I'm curious about other LJs and their standard approach to finishing.


----------



## bhog (Jan 13, 2011)

I like to use minwax tung oil finish 3-4 coats followed by 3-4 coats of wipe on poly, of corse sanding /buffing in between coats.I like the finished look of the 2.


----------



## Cato (May 1, 2009)

Rich, I have been playing with shellac flakes a lot recently since I had several walnut projects.

The amber shellac really does justice to the walnut, and then I have polished with paste wax and that seemed to turn out well.

I used shellac and 3 coats of spar urethane,sanded with 320 between coats, for a couple of outdoor porch tables, but have not tried the Minwax wipe on poly yet.

I have used the Watco Danish oil with good results but have heard some say that the Deft Danish oil yields a better looking finish but I have not tried that yet either.


----------



## sbryan55 (Dec 8, 2007)

Rich, when I use poly 5 coats is usually in the ballpark for me. I will keep applying it until I get the build that I want on the finish. Usually I reach a point where I am satisfied with anywhere from 5 to 10 coats. As you said it really boils down to how much time I have got to spend on finishing (or until I get bored with it).


----------



## cabs4less (Nov 2, 2010)

If i spraying 2 coats of gemina laq and depending on the type of wood i might rag on a coat of BLO a couple days before.

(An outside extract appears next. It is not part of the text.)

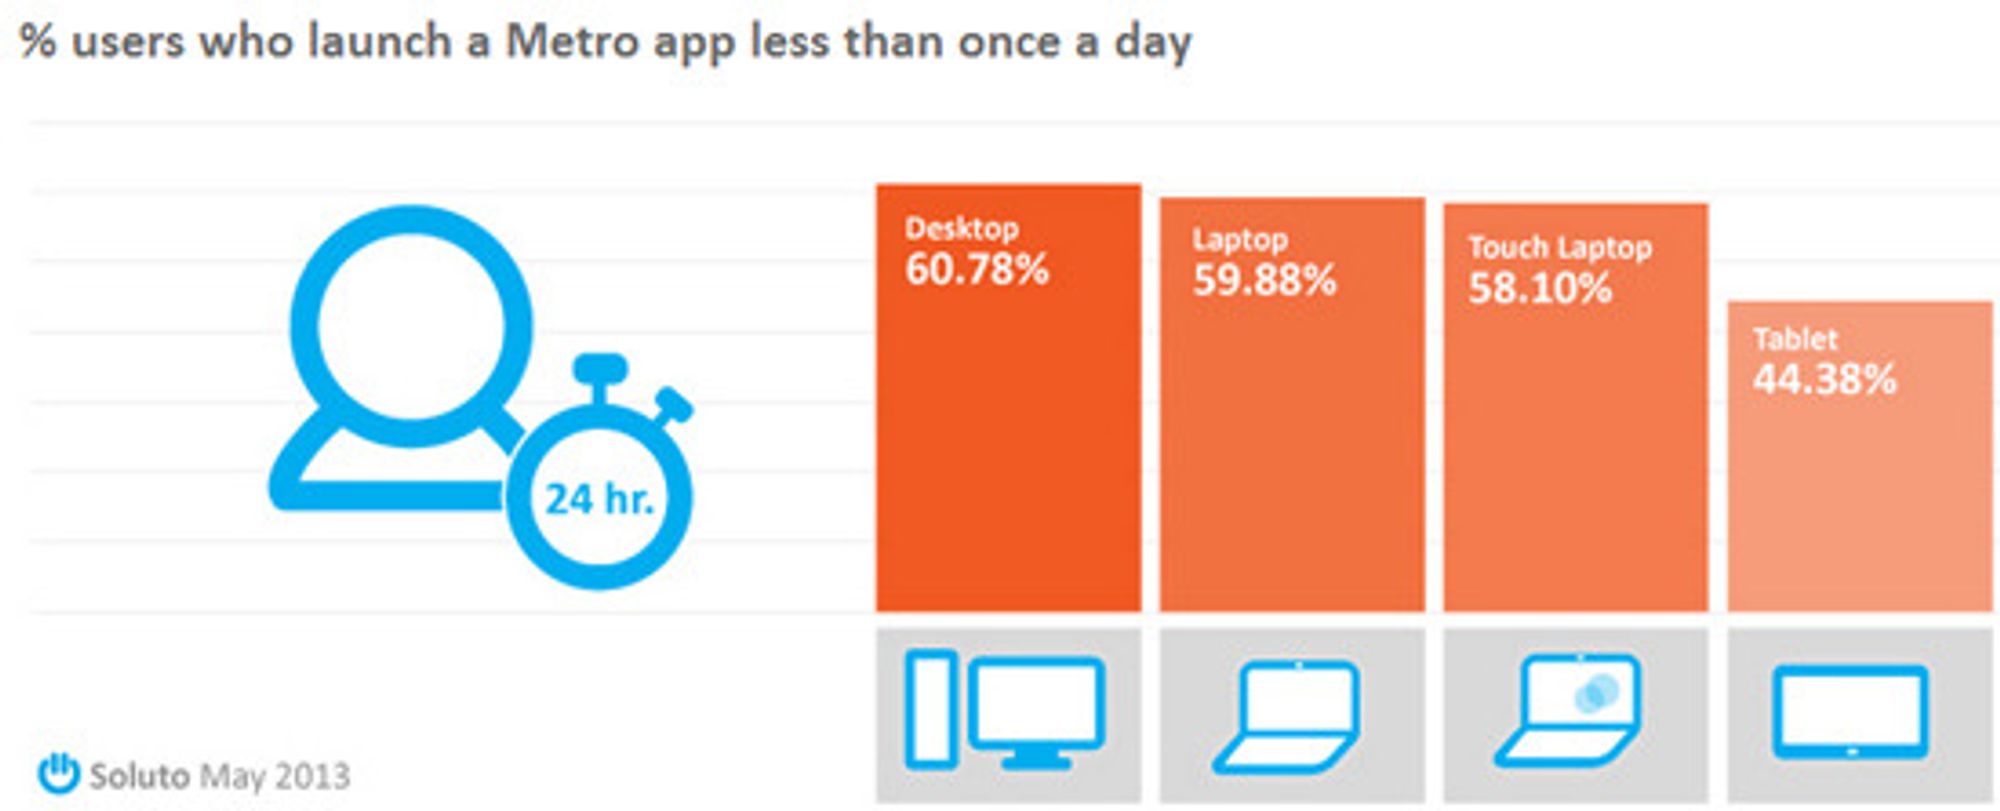 6 av 10 Windows 8-brukere åpner en metro-app sjeldnere enn én gang daglig, ifølge studien.

by hand i do the same with wipe on poly or waterlox but i just use the gloss and then let cure a few days and buff it with a paper bag or white buuf pad and wax to satin sheen


----------



## stevenhsieh (Jan 8, 2010)

How are you applying it ? brush? Wipe on?

I learned fron a wood finisher he said that ( i think 4 coat is limit or 5) I need to check my notes.
If your applying it by brush DO NOT apply more than 4 coats. It becomes brittle and will crack.
400 grit is to high. Use a beat up 320 or 220 is fine.

ALWAYS use GLOSS as first coat.
If you use satin as first coat, if you look down it will look cloudy.

I usually apply 3 coats,

First coat is GLOSS
Second is Satin
Third is Satin.


----------



## RogerBean (Apr 25, 2010)

Rich,
I now use French polish on all my boxes. Super blonde shellac over Liberon Spirit Sanding Sealer. The pad is scaled down to fit the size of box work. It takes a bit of practice, but the resulting finish when fully filled and brought up to a mirror surface is difficult to describe. But it's not for quick projects.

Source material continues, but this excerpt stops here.